The 1994 Winter Olympics was held between 12 and 27 February 1994 in Lillehammer, Norway. The Moldovan team consisted of two athletes who competed in a single sport. Vasily Gherghy served as the country's flag-bearer during the opening ceremony. The country did not win any medals in the Games.

== Competitors ==
Moldova sent two athletes including a woman who competed in four biathlon events.

| Sport | Men | Women | Total |
|---|---|---|---|
| Biathlon | 1 | 1 | 2 |
| Total | 1 | 1 | 2 |

== Biathlon ==

Biathlon competitions were held at Birkebeineren Skistadion, Lillehammer. The biathlon events consisted of a skiing a specific course multiple times depending on the length of the competition, with intermediate shooting at various positions. For every shot missed, a penalty of one minute is applied in individual events, and the participant is required to ski through a penalty loop in sprint events.

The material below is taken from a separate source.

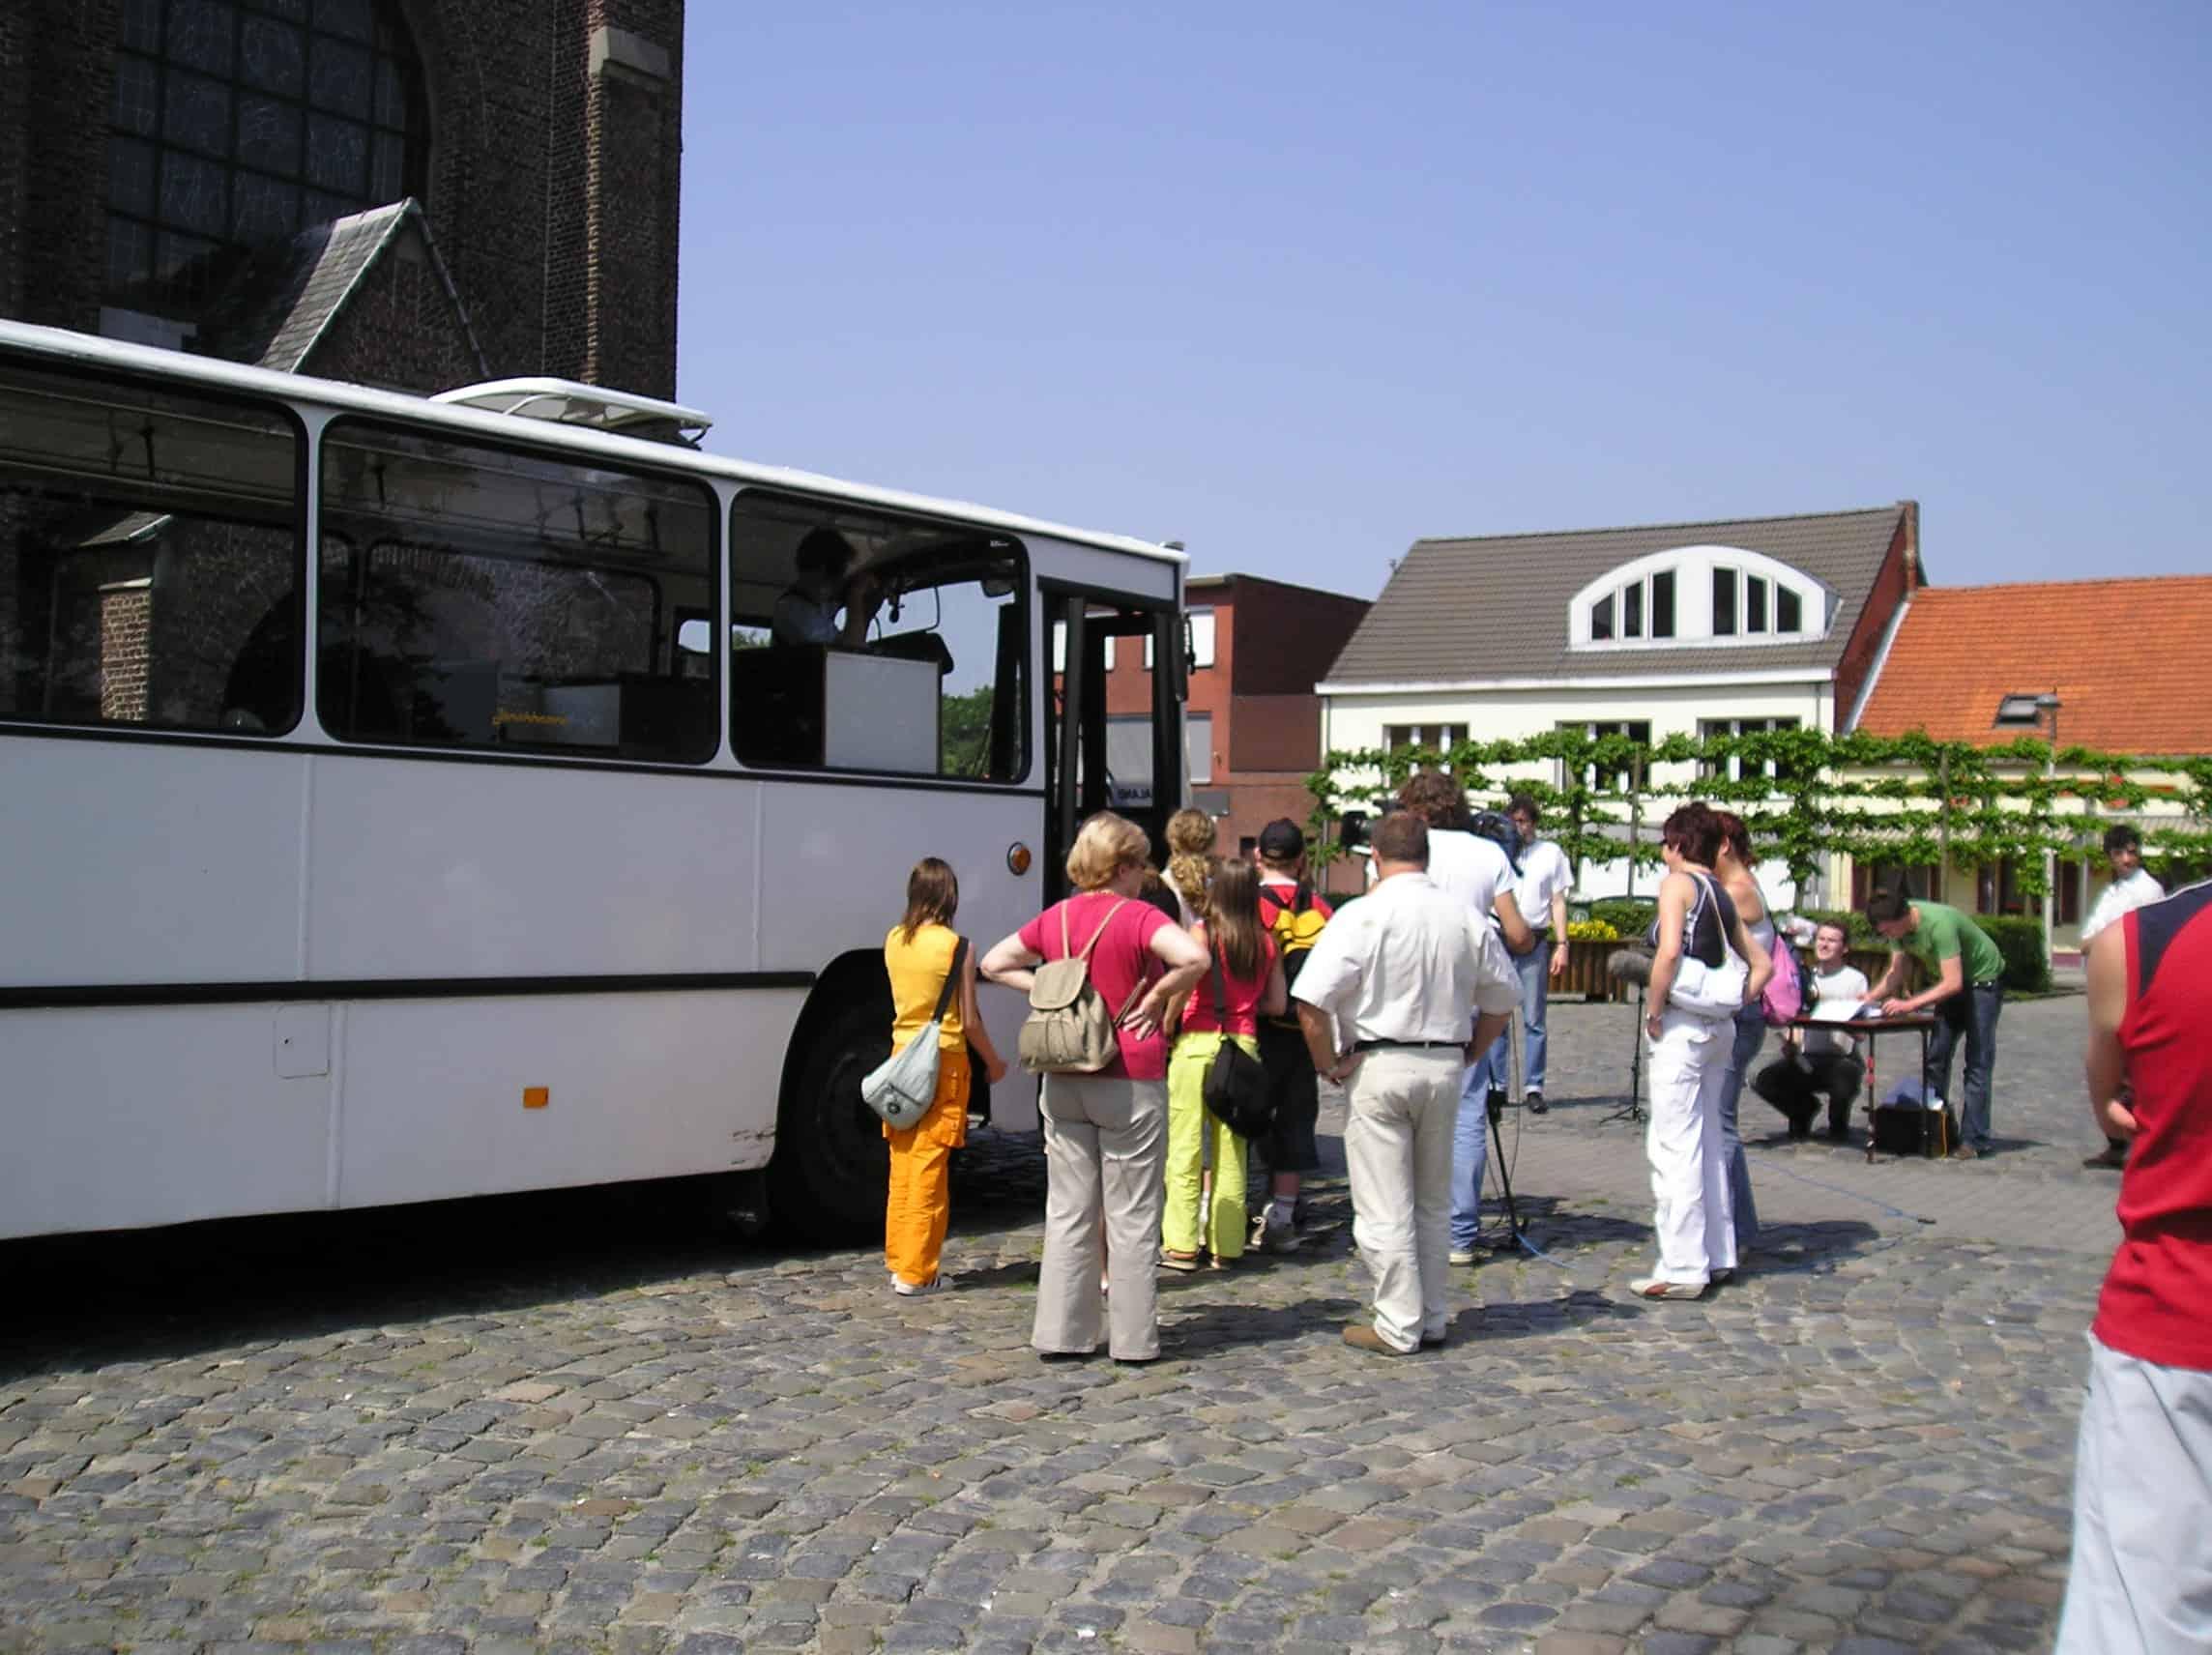 witte DAF-bus 1981 feestbus

Two athletes from Moldova participated across four events in biathlon. Flag-bearer Vasily Gherghy participated in his only Winter Olympics at the Games. Elena Gorohova, who made her debut at the Games, would go on to participate in three more Winter Olympic Games from 1998 to 2006.

In the men's sprint, Gherghy was the last to complete the 10 km course with a time of 34 minutes and 48 seconds. In the subsequent men's individual event, Gherghy again finished last of the 70 competitors, almost 20 minutes behind the gold medal winner Sergey Tarasov of Russia. In the women's events, Gorohova similarly registered two last place finishes in the 7.5 km sprint and 15 km individual events.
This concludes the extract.